Establishment of latent form of LTIG-transduced Jurkat cells

Jurkat cells were infected with LTIG pseudotyped vector at MOI 0.5 and cultured for one weak. After treatment with 10 ng/ml TNF-α for 24 hours, GFP positive cells were sorted by FACSAria (BD) and cultured for another one month to relax the GFP expression. Then, GFP negative cells were sorted four times and the cells were cloned by limiting-dilution. After expanding, clone cells were treated with 10 ng/ml of TNF-α (R&D systems) or a combination of 1 μg/ml 5-Aza-dC (SIGMA-ALDRICH) and 1 μM TSA (SIGMA-ALDRICH) and screened for the potential to be reactivated after stimulation, by flow cytometry.

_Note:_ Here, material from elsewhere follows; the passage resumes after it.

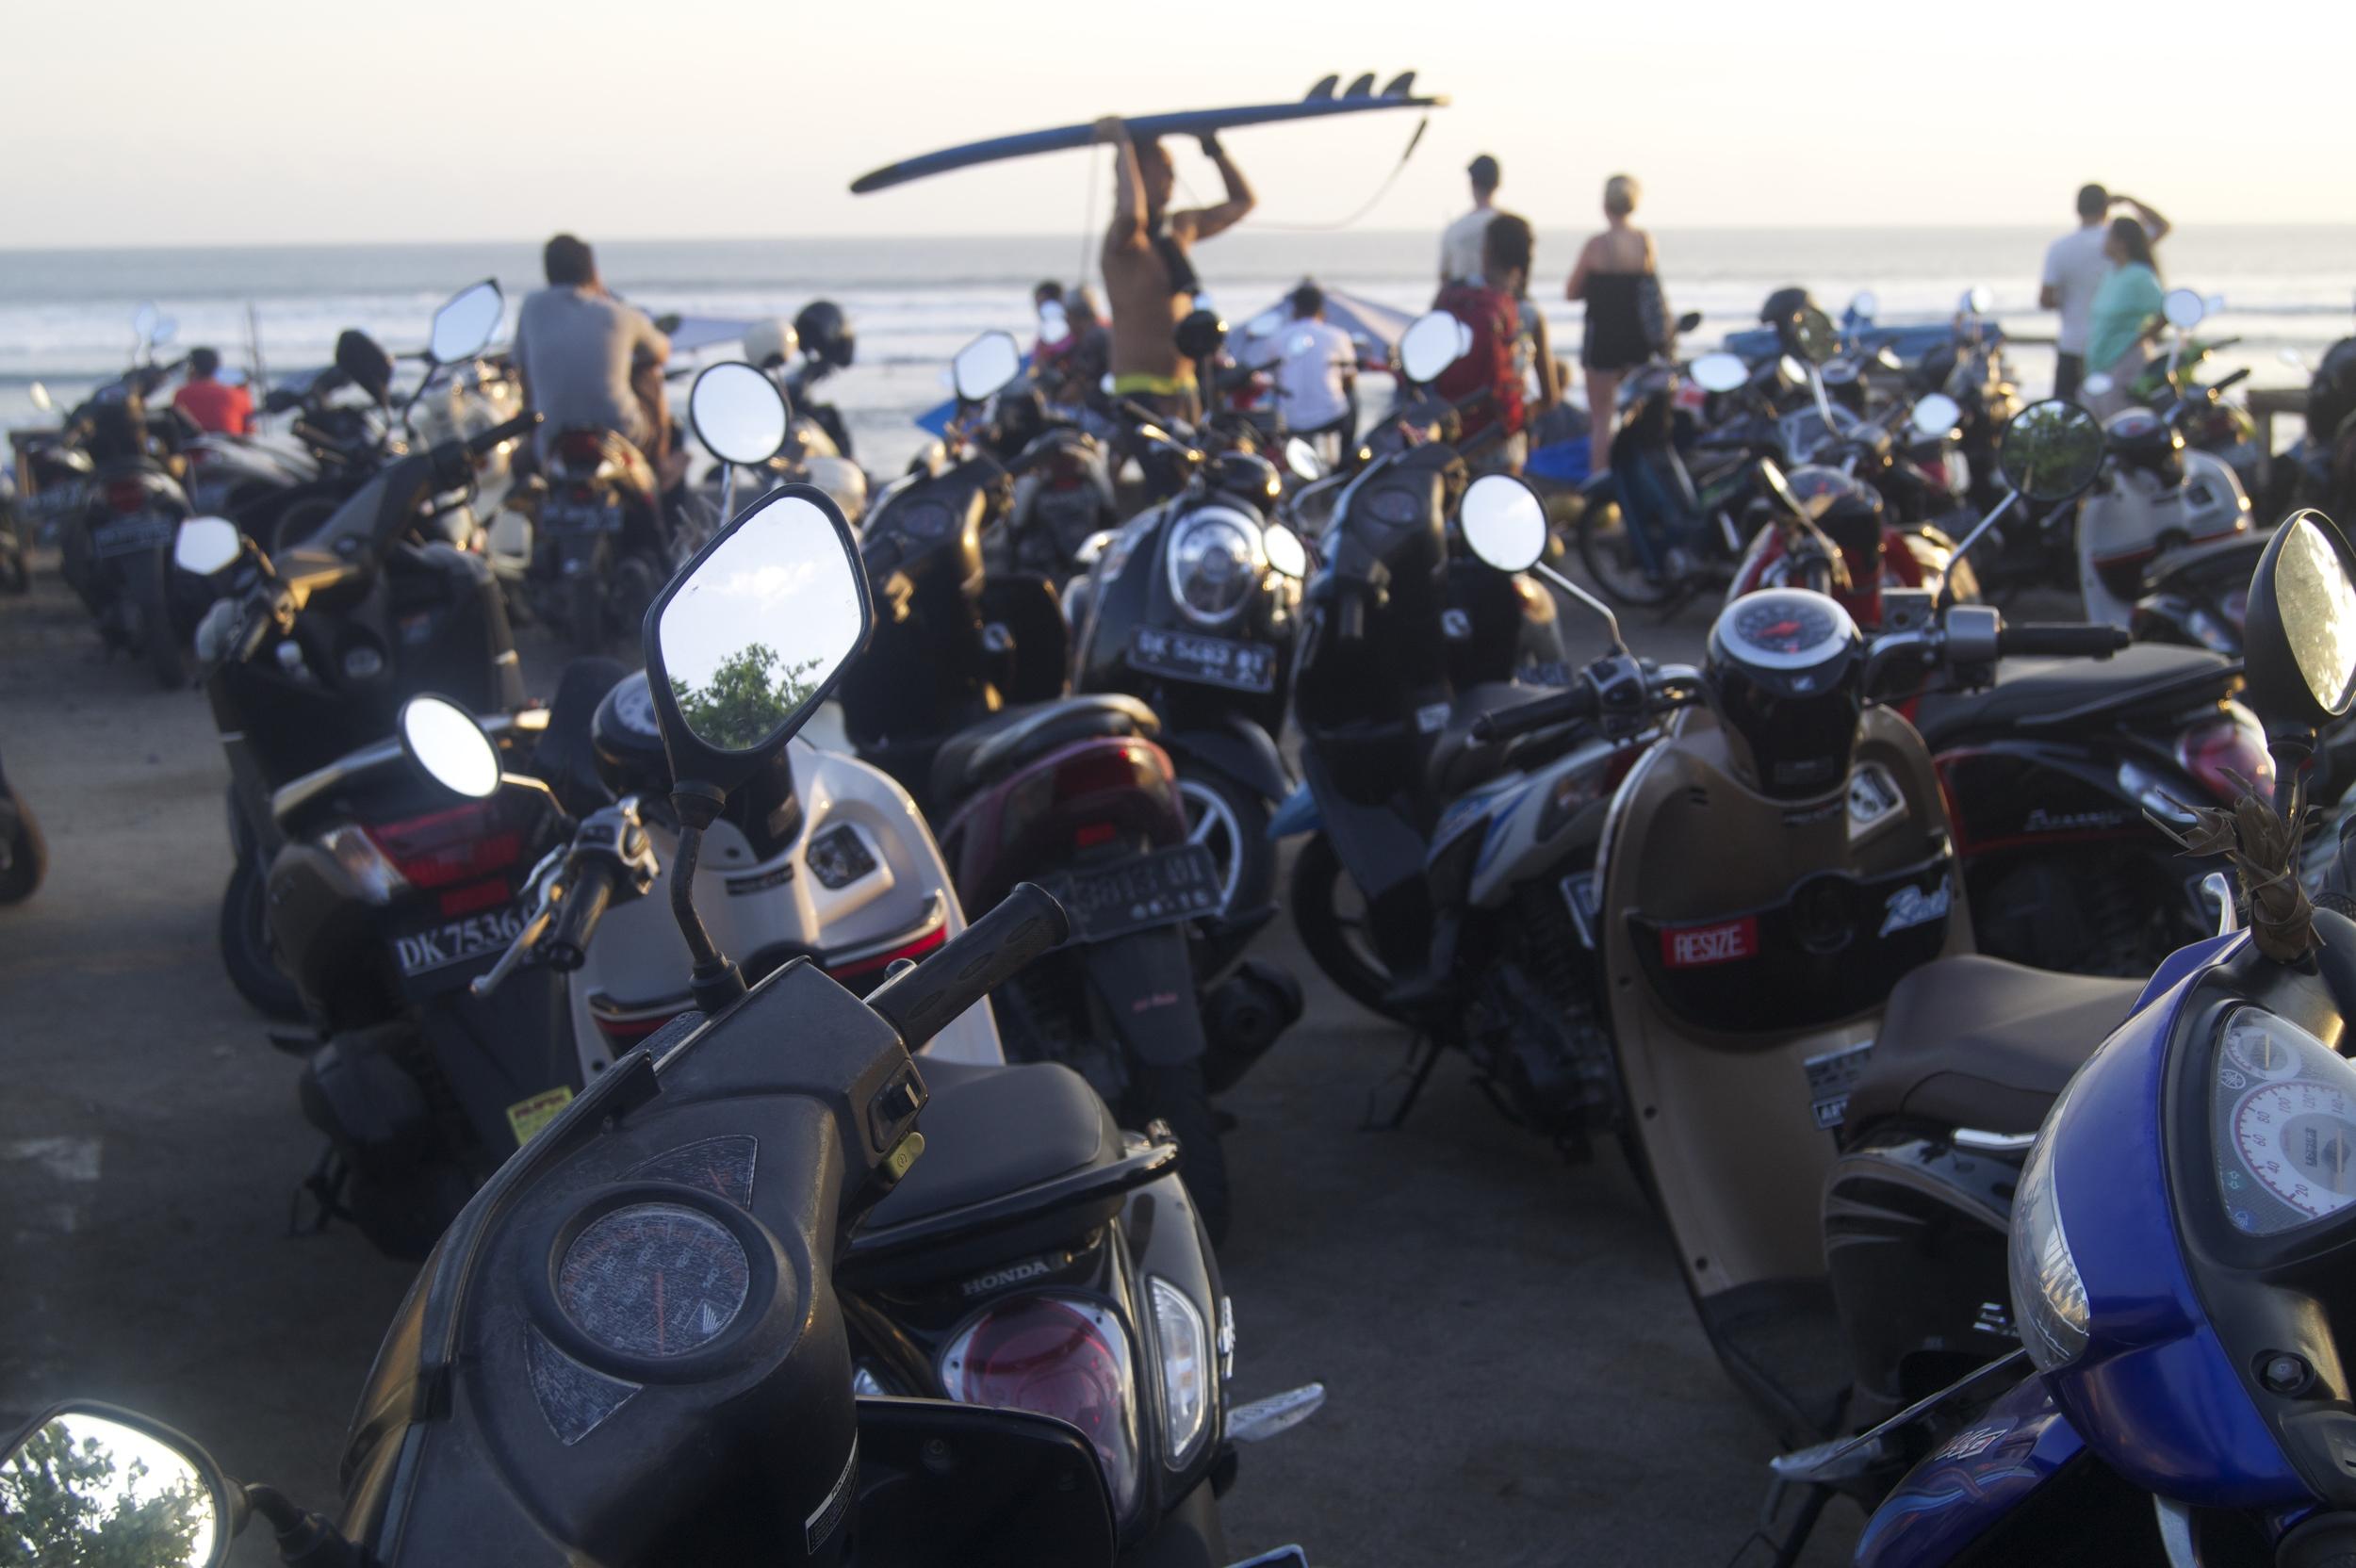 Canggu, Bali - Old Man's Beach - Motorbike Transportation and Sunset - illumelation.com

Integration-site analysis of latently integrated LTIG provirus

Genomic DNA extracted from Jurkat cell clones were digested with a combination of BamHI and BclI, or NcoI and BspHI and re-ligated by T4 ligase. The ligation products were EtOH precipitated and used as the template for inverse PCR. For this PCR, LA taq (TAKARA) were used according to the manufacturer's protocol. Primer sets used for the inverse PCR were HE410 (CTCCTCGCCCTTGCTCACCA) and M667 (GGCTAACTAGGGAACCCACTGC). The PCR products were cloned into pGEM-T (Promega) vector and sequenced using M13 primers. Primer set, HE433 (AGCACATCACACTCCTCTG) and HE435 (AGACATGAGCCACTATGTCT) were used for PCR amplification of integrated provirus in c19.

Quantitative analysis of HIV DNA

The amount of EGFP DNA was quantified by real-time PCR as previously described27,28.

Statistical analysis

All data were expressed as mean ± standard deviations (S.D.). The student's t test was used to indicate the differences between groups. P values are shown in each figure.